Так мы стали обладателями трёх комплектов формы – сюртуки зелёного сукна с жёлтым приборным цветом, вальтрапов с вытканными по углам вензелями в виде короны поверх переплетённых литер «F» и «R» - «Рекс Фридрих», четвёртый королевский конноегерьский полк королевства Вюртемберг, союзники Бонапарта... К форме и вальтрапам прилагались длинные, тяжёлые сабли в тусклых жестяных ножнах и с латунными гардами-трёхдужками, кавалерийские мушкетоны и пистоли французского образца да патронные сумочки-лядунки из чёрной кожи с перевязями через плечо и оловянными вюртембергскими вензелями на крышках. Своё оружие, включая и мосинский карабин, мы увязали в тюки, пристроенные поверх заседельных чемоданов, а заряженный наган я предусмотрительно сунул за голенище.

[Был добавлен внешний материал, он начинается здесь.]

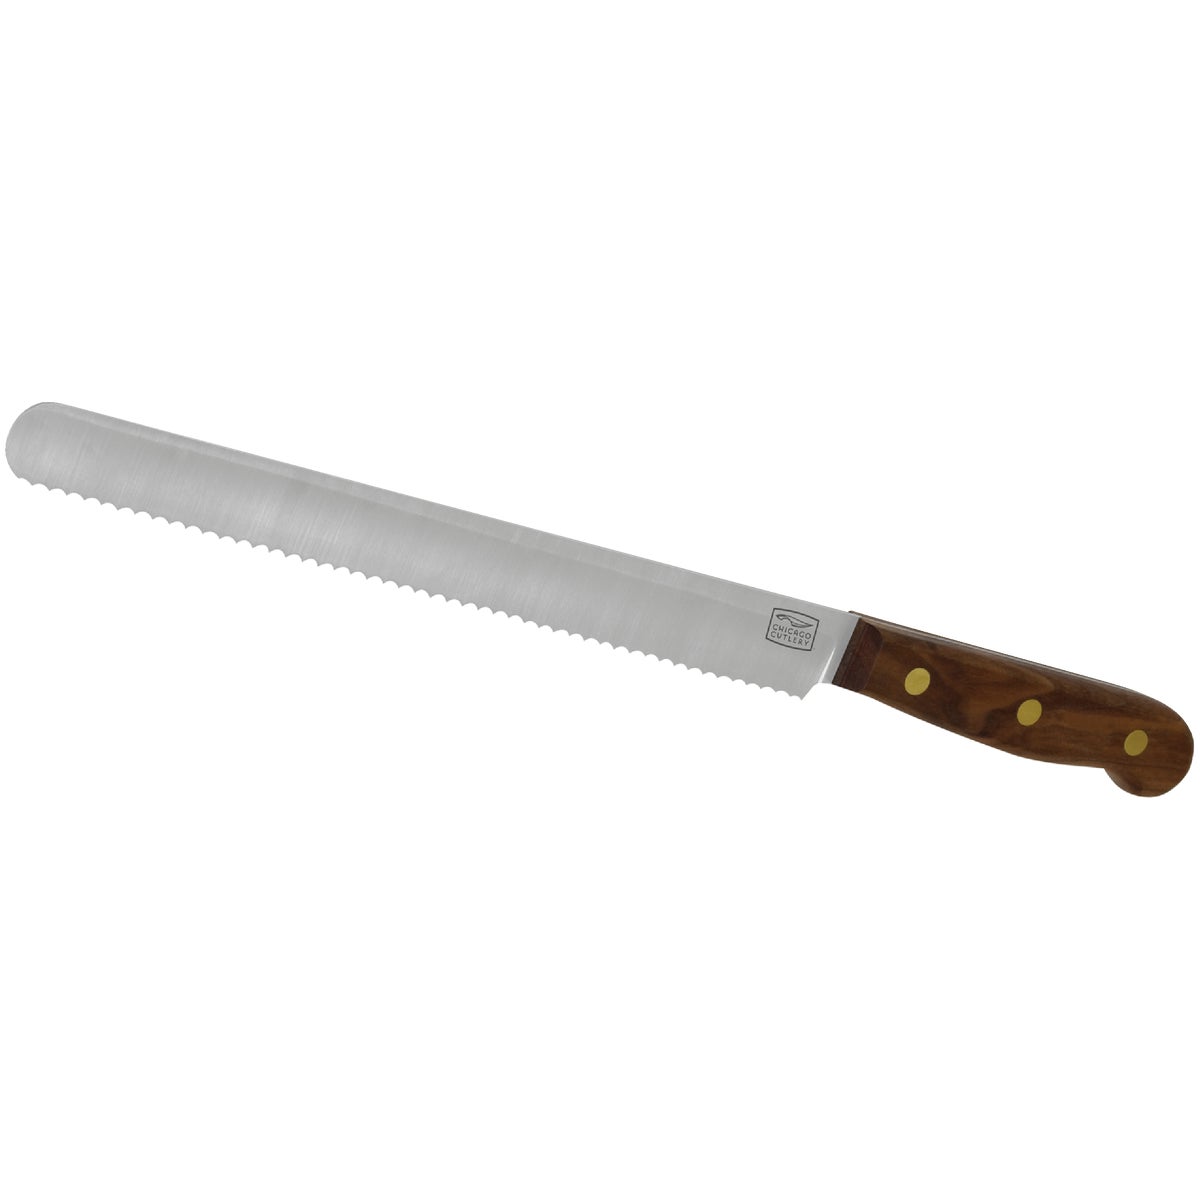 Item 604305, Features: 10" High-carbon stainless steel blade with Taper Grind edge.

За спорами, торговлей и подготовкой к «разведке» прошло часа два. Солнце уже клонилось к закату; стрелки на карманных часах показывали пять пополудни, но Ростовцев решительно отверг предложение заночевать в Больших Дворах и завтра, по холодку, двинуться в путь. «Богородск так и так придётся объезжать лесными тропинками. – сказал он. Туда после недавней баталии отступили остатки разбитого эскадрона вюртембержцев, и встреча с «сослуживцами» не сулила нам ничего хорошего. В итоге отправляться было решено ввечеру. Курин самолично распорядился выделить нам в сопровождение шустрого паренька, ловко сидящего на трофейной французской кобылке – кроме роли проводника по местным партизанским тропам он должен был предотвращать вполне возможные инциденты с партизанскими патрулями шныряющими по всей округе – ехали-то вы переодевшимися в форму неприятеля, и вполне могли стать объектами не слишком доброжелательного интереса «народных мстителей». Так что, увязав в саквы подорожники с пирогами, копчёной курятиной и трофейной солдатской манеркой, полной трофейного же вина, мы перекрестились на колокольню церкви Владимирской иконы Божией Матери и двинулись в путь.

-2

***

Москву и Богородск (у нас в будущем этот город носит название Ногинск), куда отступил после Вохонского дела потрёпанный авангард Нея, разделяет около пятидесяти пяти вёрст. Расстояние это, правда, меряется от МКАД, а в 1812-м граница города проходит гораздо восточнее, по Рогожской заставе, где от Владимирского тракта уходит просёлок, соединяющий его с Рязанской дорогой. Богородск мы оставили за спиной уже в темноте, не встретив по дороге сколько-нибудь серьёзных препятствий. Один раз подозрительно зашуршало в кустах да мелькнули неясные тени да звякнул в лесном сумраке металл. Я уже опустил руку к ольстрам, нащупывая собачку пистолетного замка, но проводник наш к счастью был настороже: он повернул коня в сторону незнакомцев, сделал десяток шагов и свесился с седла, заговаривая с возникшими из кустов фигурами в армяках и с трофейными солдатскими мушкетами в руках. Обменявшись с «засадной ратью» несколькими фразами он повернулся в седле и замахал нам шапкой: «проезжайте!»

-3

Расстались мы верстах в трёх западнее Богородска. Дальше проводник был нам ни к чему – тракт, хоть и выписывал порой прихотливые извивы, но держаться его было несложно даже и в темноте. План, составленный после разговора с составленному после беседы с д'Эрвалем подразумевал, что в саму Москву мы поедем не сразу – сначала завернём в Кусково, большую усадьбу графа Шереметьева, где стояли сейчас основные силы Нея и располагался его штаб. Нашему новому спутнику следовало, прежде чем заняться своими делами в Москве, сперва дать отчёт в выполненном поручении, а кроме того, он рассчитывал, что сержант Бургонь за время его отсутствия сумел найти проводника и пошлёт об этом весточку как раз в Кусковское поместье, где д'Эрваль официально числился адъютантом при штабе маршала.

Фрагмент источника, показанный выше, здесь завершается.